The Ocaml manual also says however that “On operating systems that do not distinguish between text mode and binary mode, open_in_bin behaves like open_in”. My operating system is Mac OS Mojave 10.14.6, I don’t know if its Unix distinguishes between text mode and binary mode ? I would have thought it does.

How can I deal with this, using the OCaml Stdlib (or if that’s not possible, with a suitable external Ocaml tool)?

let read_whole_file filename=
  let janet=open_in_bin(filename) in
  let n=in_channel_length(janet) in
  let b=Buffer.create(n) in
  let _=Buffer.add_channel(b)(janet)(n) in
  let _=close_in janet in
  Buffer.contents b;;

Don’t rely on what the toplevel gives you back, it’s a rendering it will depend on a lot of things (e.g. your terminal encoding).

open_in_bin does what it says: it reads bytes.

If your file is in latin-1 what you can do is read it byte-by-byte ("input_char") use Uchar.of_char on these and add them to your buffer with Buffer.add_utf_8_uchar.

A simpler way is to simply use the iconv cli tool with iconv -f ISO-8859-1 -t UTF-8. Alternatively if you use emacs open your file and use M-x set-buffer-file-coding-system.

I feel there has been some kind of misunderstanding, so let me clarify by adding one more snippet :

In the code above, the first line renders the text string in a terminal-dependent way that shouldn’t be trusted, so far we completely agree. Similarly, the text_length variable does not not count the number of characters in the text, but the number of bytes in some encoding.
But what about the last line ? Are you saying also that the two sequences of 239,191,189s there are also “terminal-dependent, unreliable output” ? I thought these were the raw bytes.

Doesn’t work for me, my web navigators all render the non-ASCII chars as “¿½” in the new file (even though I changed the <meta http-equiv="Content-Type" content="text/html; charset=ISO-8859-1"> in the header to <meta http-equiv="Content-Type" content="text/html; charset=UTF-8">).

Hi,

Are you sure those bytes are not in the original file? It is pretty much impossible for the stdlib input routines to do anything but give you the raw bytes in the file (modulo text mode translation, which only happens on Windows).

Cheers,
Nicolás

These are certainly the raw bytes. But I don’t know how you produced your string in the first place and what they are supposed to be.
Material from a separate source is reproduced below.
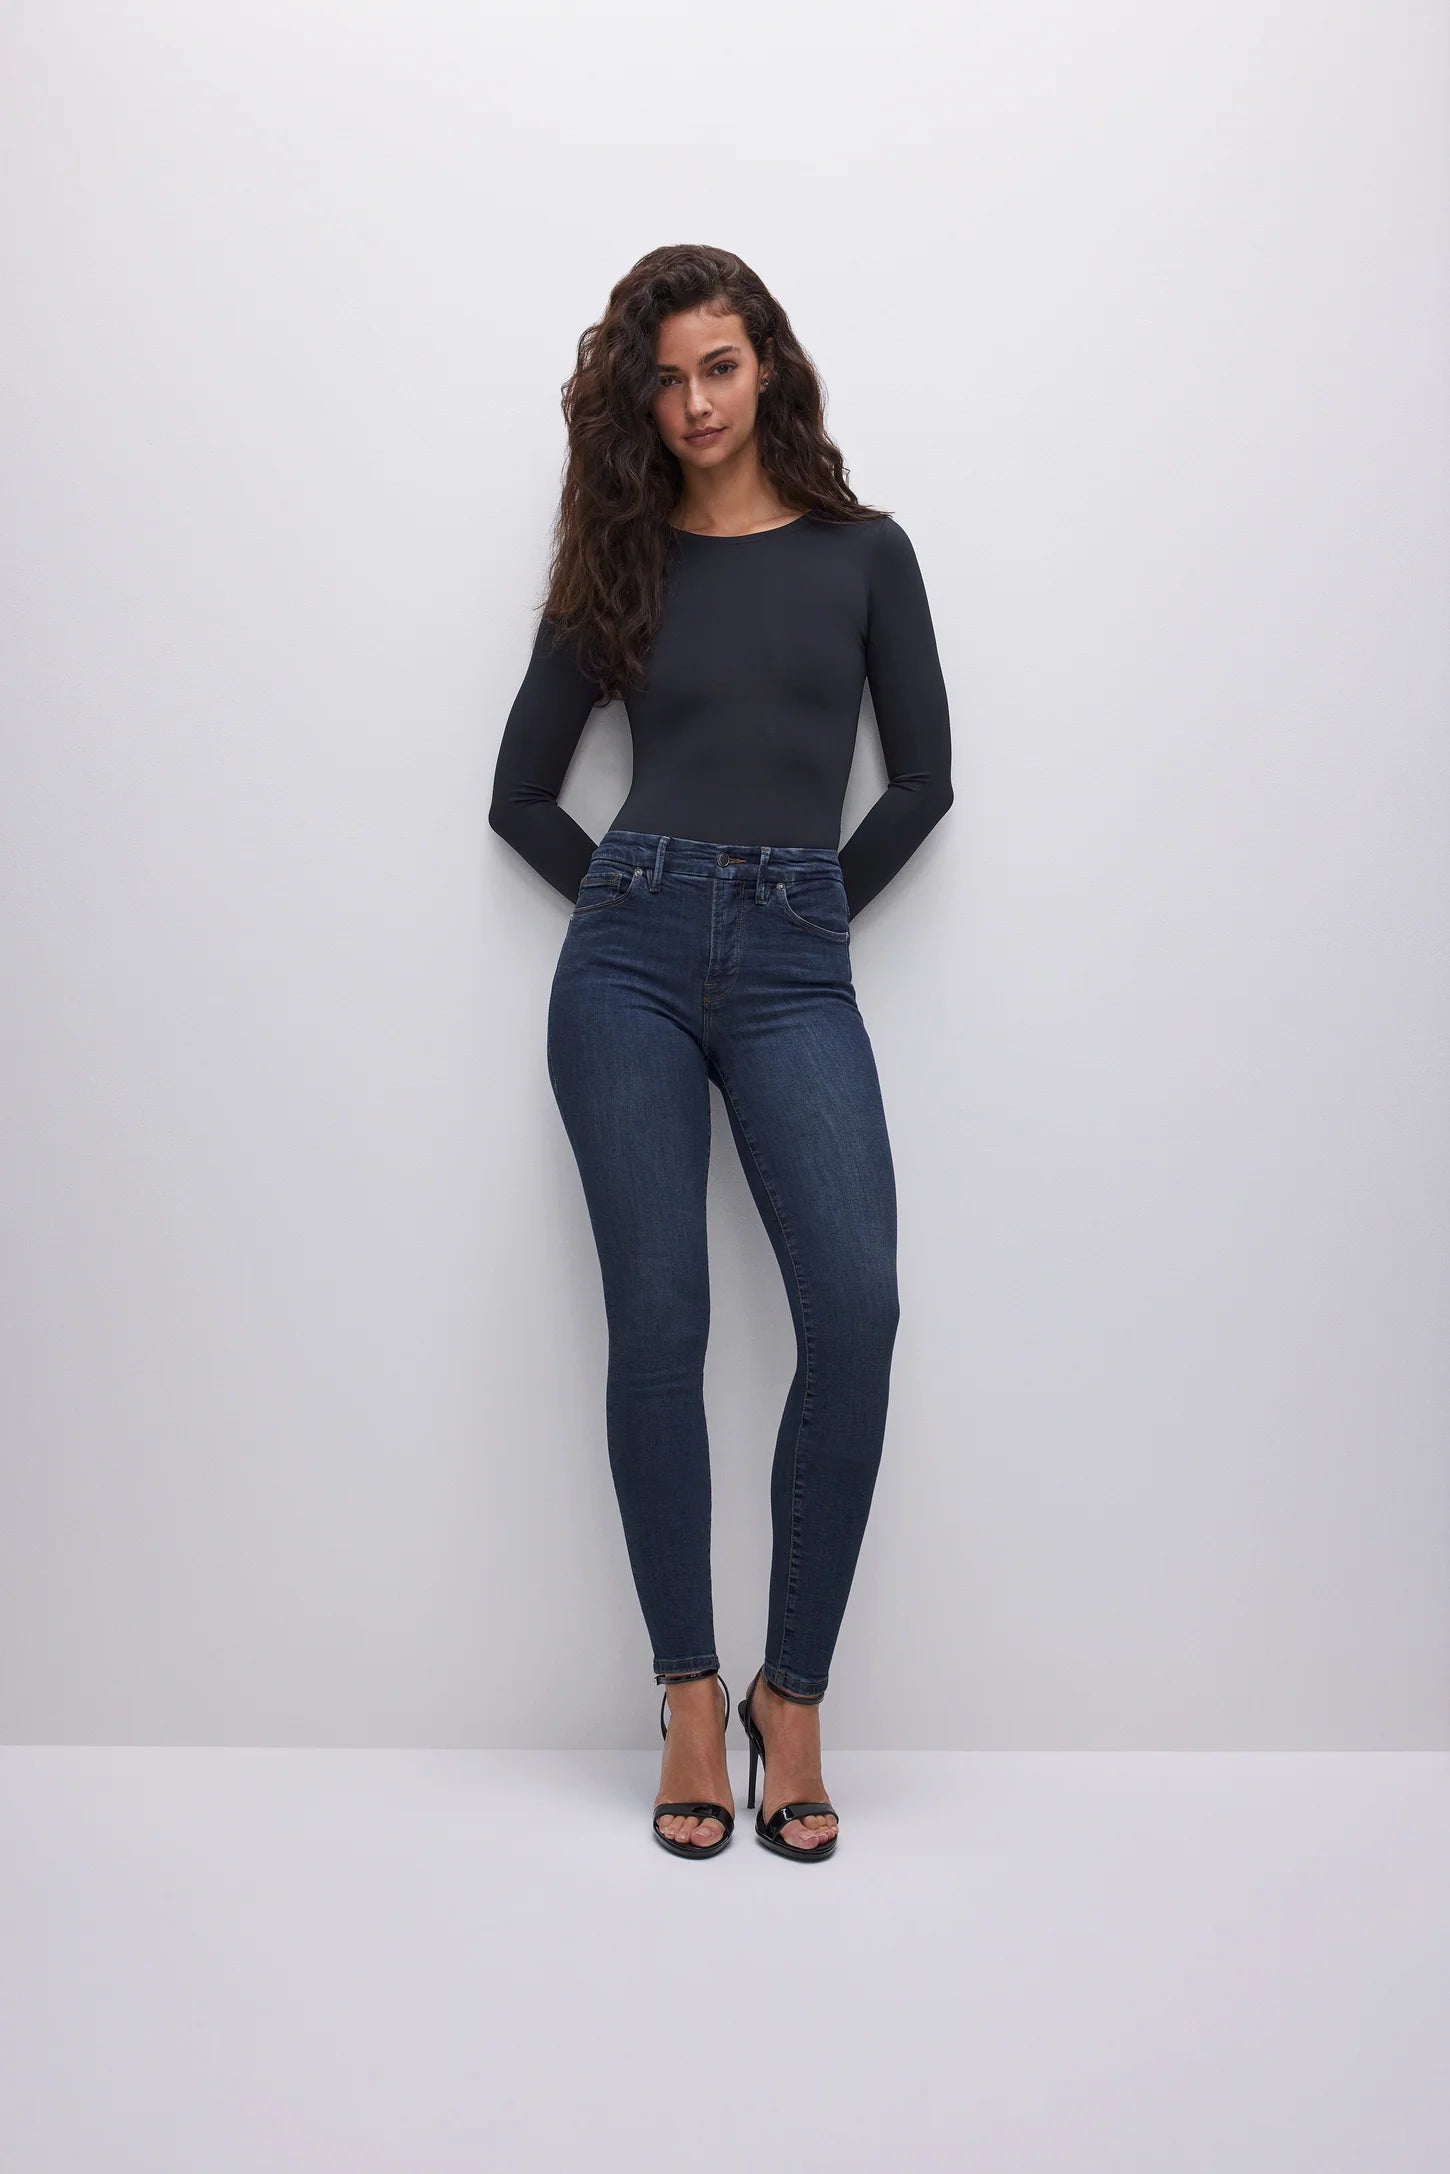 17 Stretch Jeans For Women That Feel Like Leggings - Starting at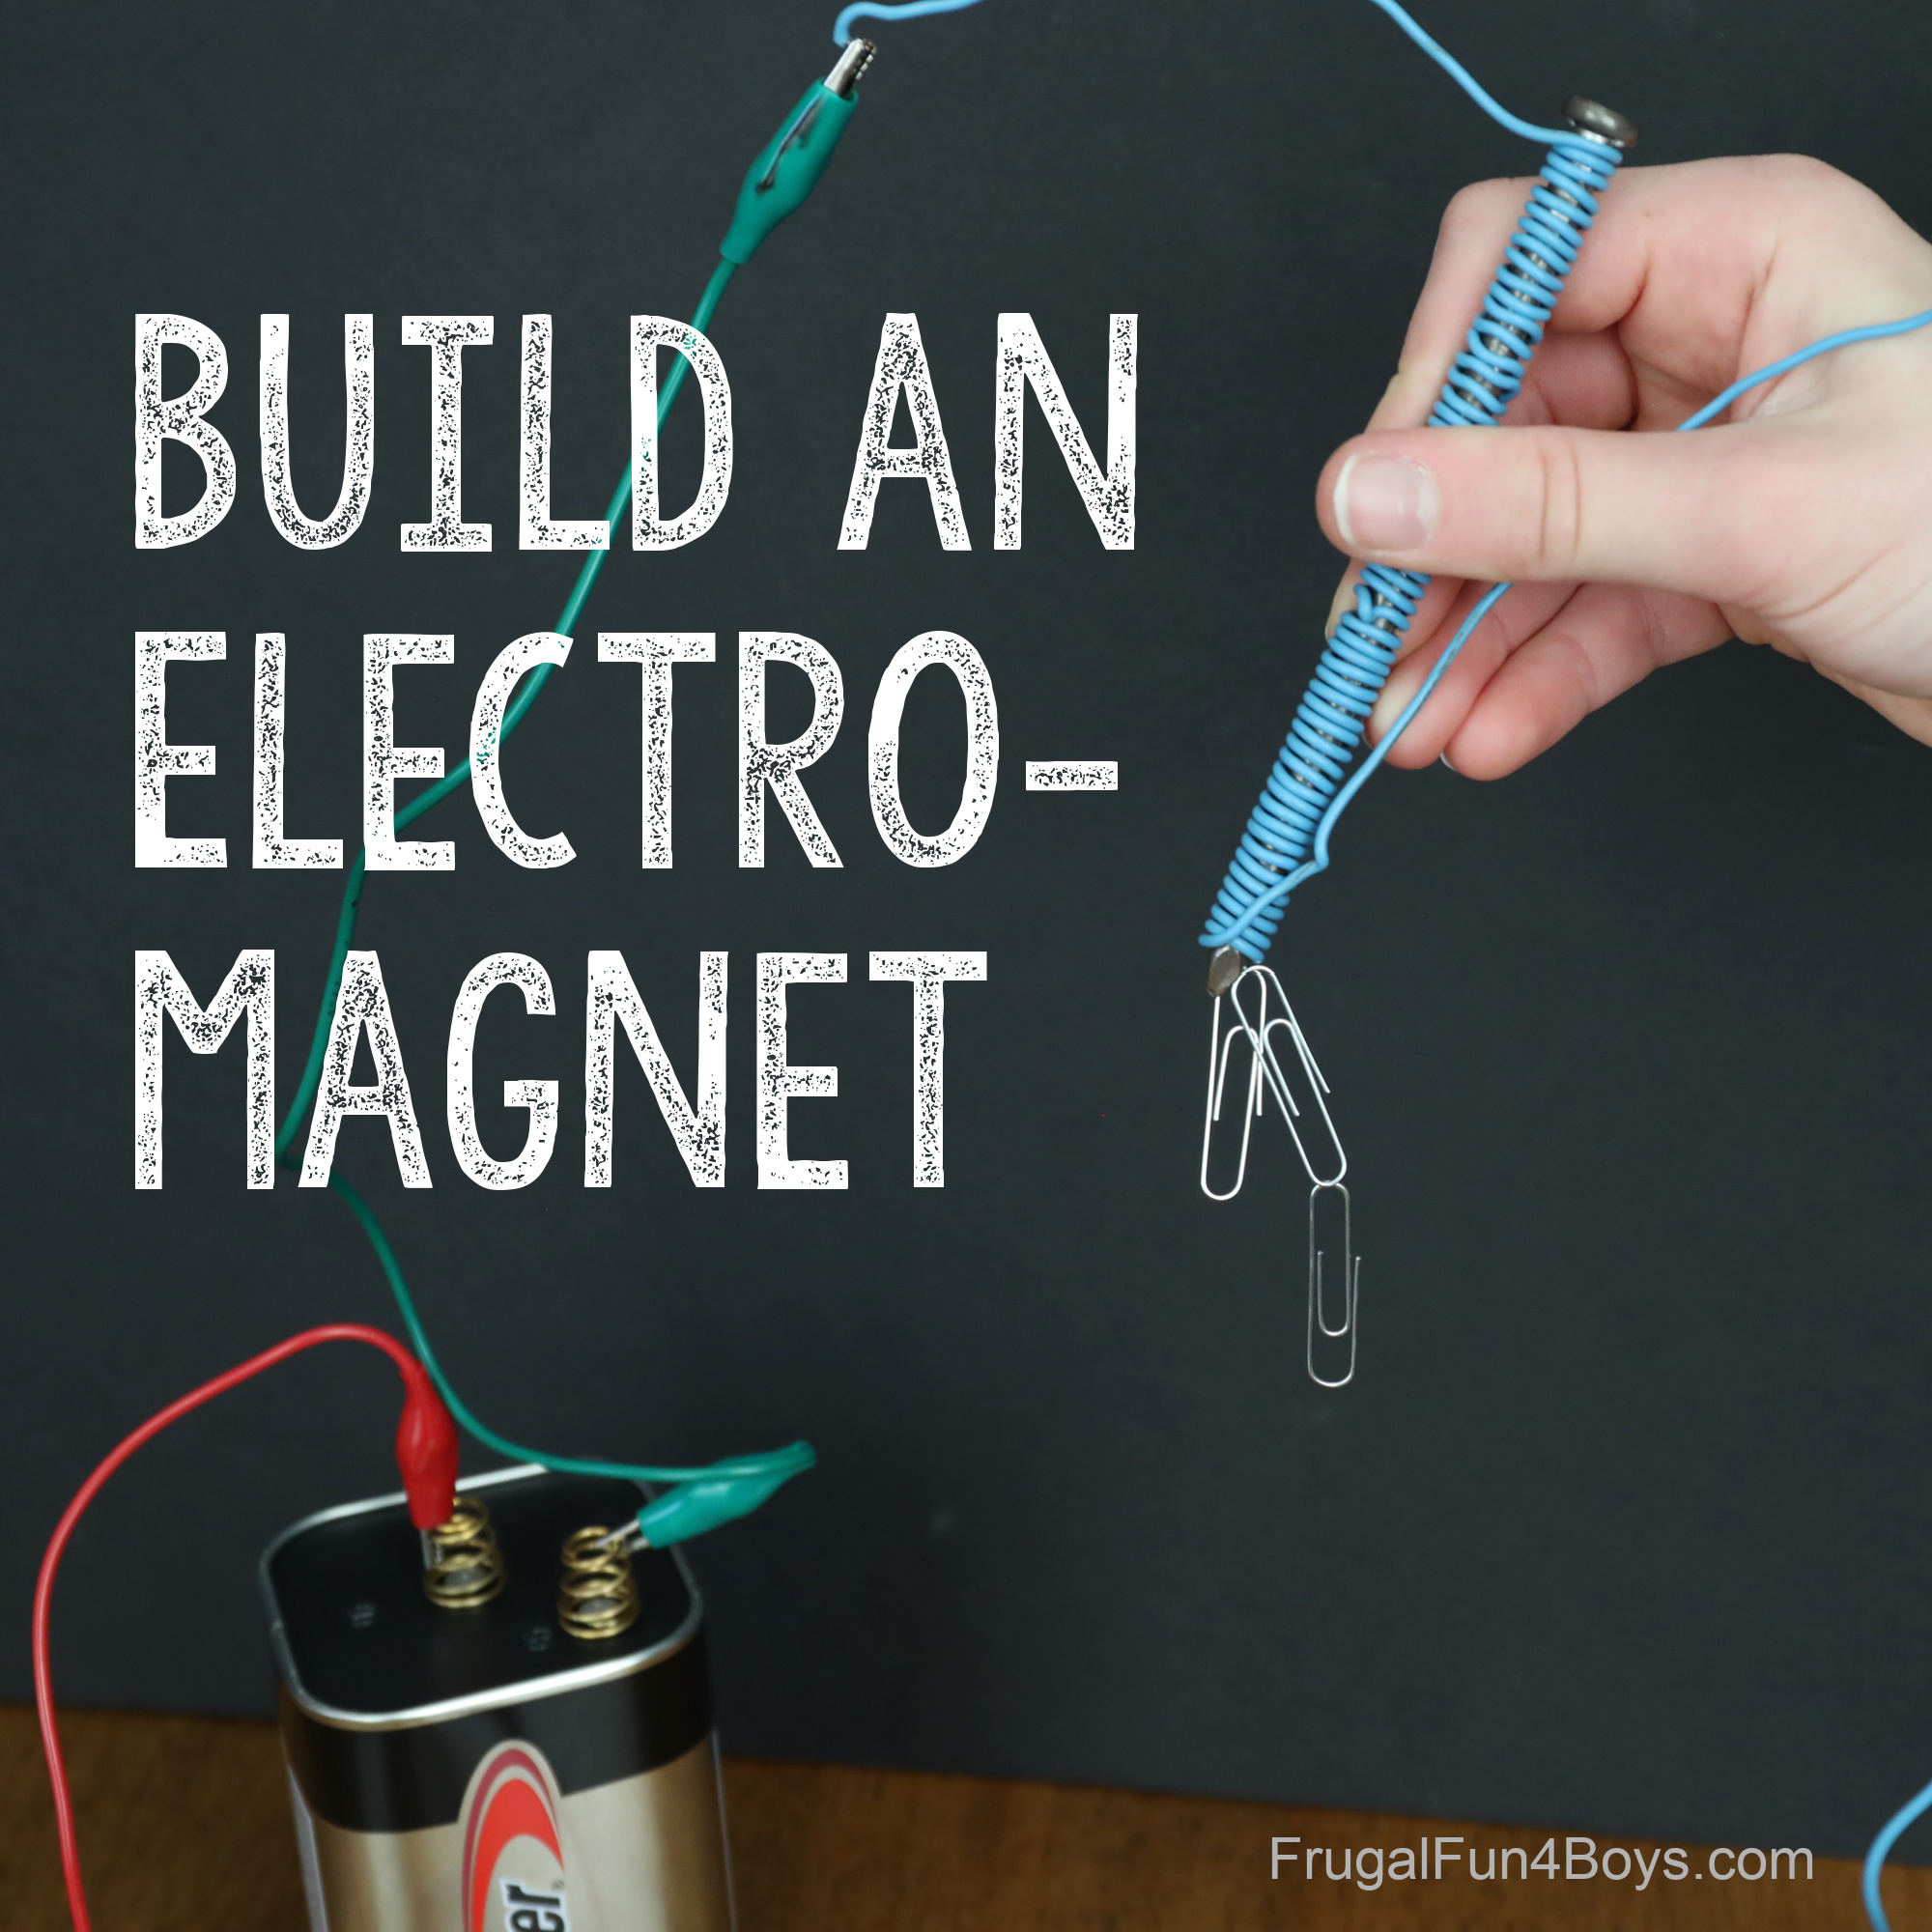  Playz Electric Drawing Kit for Kids - Motorized DIY

Are you reading these over the file:// protocol or over http:// ? In the latter case you need to check that your webserver is not adding headers itself, these will override those of the file.

In any case hexdumping your files should be able to confirm if you have the right sequences at the file level.

Well you should, because I spent some effort in my initial post to explain how I obtain the file’s content using a short read_whole_file function of mine, which uses open_in_bin.

To be clear, I’m not only interested in finding a solution that works, I also want to know where I went wrong in my first trial.

Are we agreed, then, that my function read_whole_file using open_in_bin is expected to produce a string that will contain the raw bytes without any interpretation or “encoding” ? Interpretation will occur only if, for example, I ask the terminal to display me the string.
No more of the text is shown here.